TheStreet’s J.D. Durkin brings the latest business headlines from the floor of the New York Stock Exchange as markets close for trading Wednesday, November 1.
Full Video Transcript Below:
J.D. DURKIN: I’m J.D. Durkin, reporting from the New York Stock Exchange.
Stocks were in the green to close out the first trading day of November. The Dow closed up over 200 points, the Nasdaq closed up 1.6 percent, and the S&P closed just over 1 percent higher.
This comes after the Federal Reserve left interest rates unchanged for the second straight month. While rates still sit at a 22-year high, the latest decision gave investors hope that the central bank is done raising rates for the year.
Meanwhile, investors are still looking ahead to Apple earnings out Thursday, and the October jobs report out Friday.
Another story we’re following is the continued decline of WeWork. The company, which provides shared co-working spaces, is reportedly on the verge of filing for bankruptcy.
WeWork was founded in 2010 by Adam Neumann and Miguel McKelvey. In 2019, after raising a billion dollars in funding, it had a market value of $47 billion. But then came its botched IPO. Larger than expected losses and conflicts of interest surrounding Neumann, its CEO at the time, put the IPO on hold for two years. By that time, the company had lost almost $30 billion in value.

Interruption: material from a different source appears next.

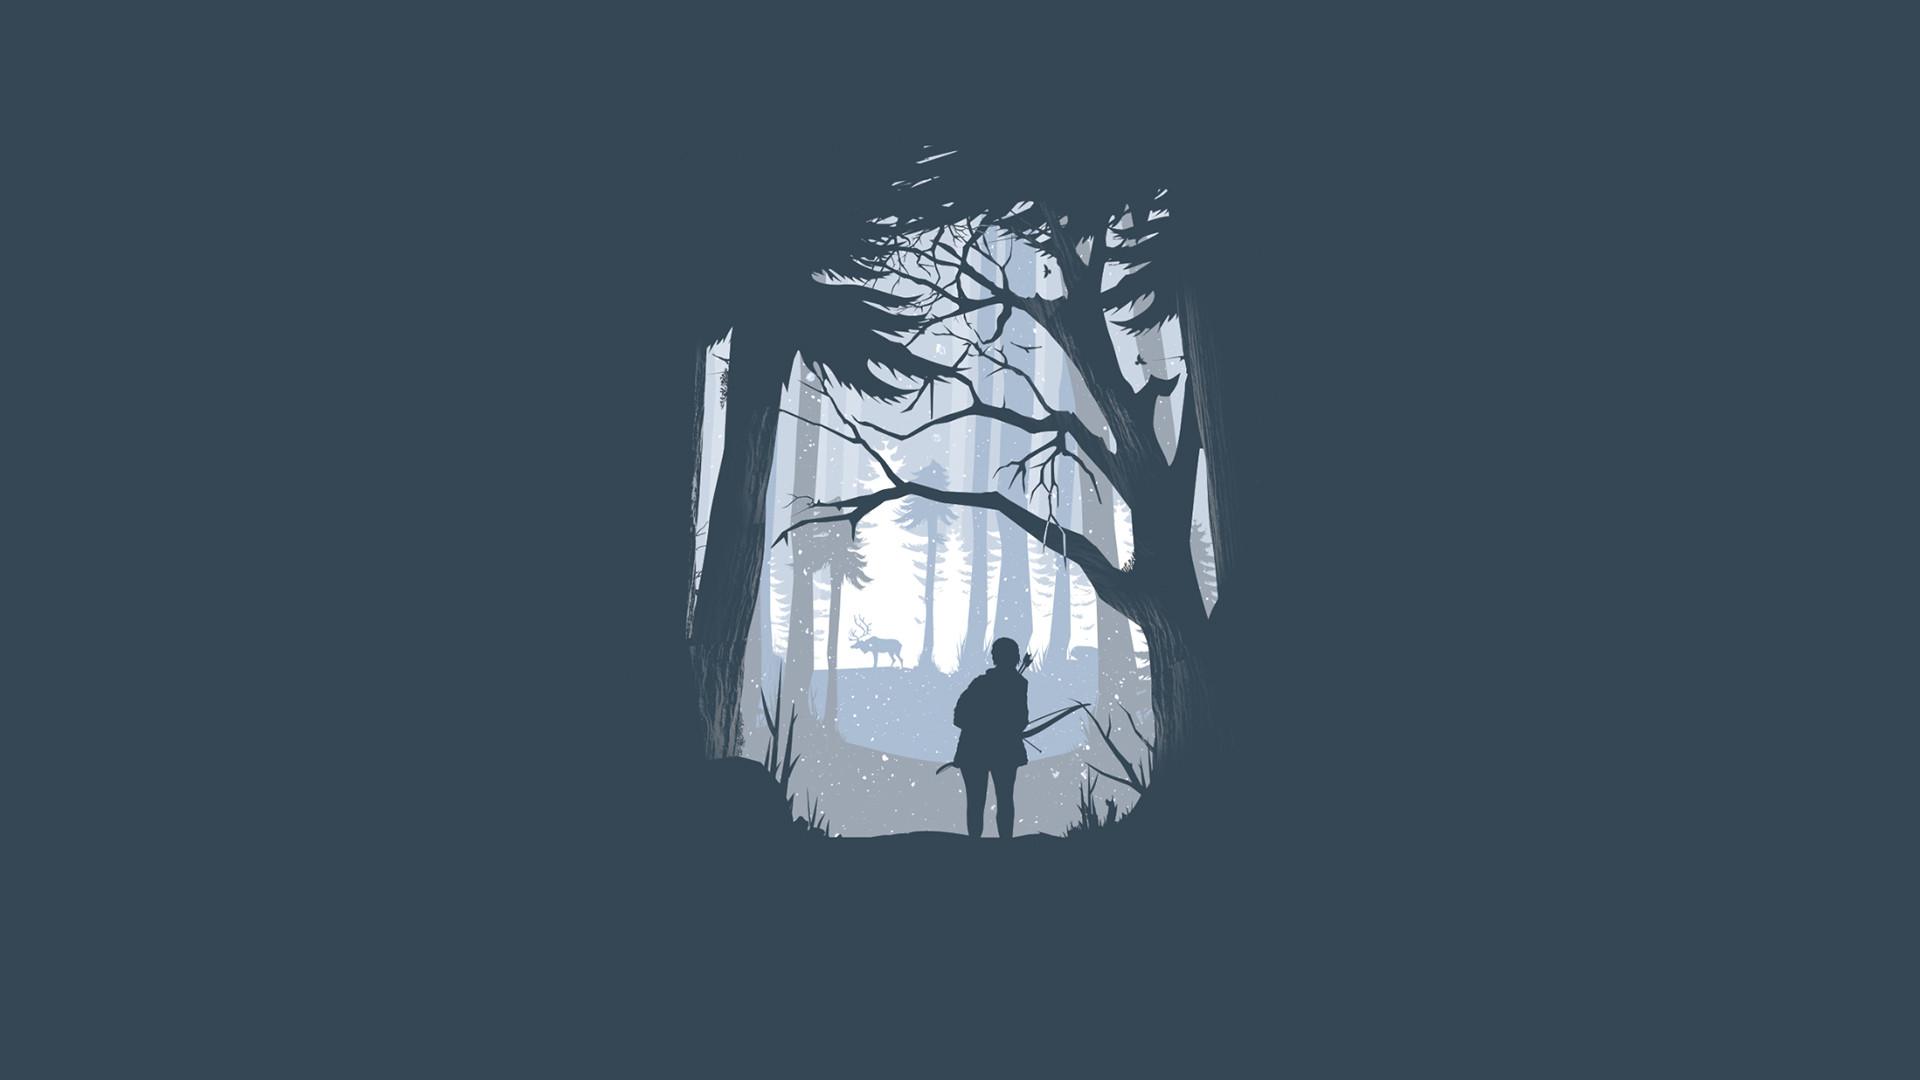 Minimalist Last of Us Wallpaper

But the company has continued to struggle, with current CEO David Tolley saying in August, “Excess supply in commercial real estate, increasing competition in flexible space, and macroeconomic volatility drove higher member churn and softer demand than we anticipated, resulting in a slight decline in memberships.”
The company lost nearly $700 million in the first half of 2023 and $2.3 billion in 2022.
That’ll do it for your daily briefing. From the New York Stock Exchange, I’m J.D. Durkin with TheStreet.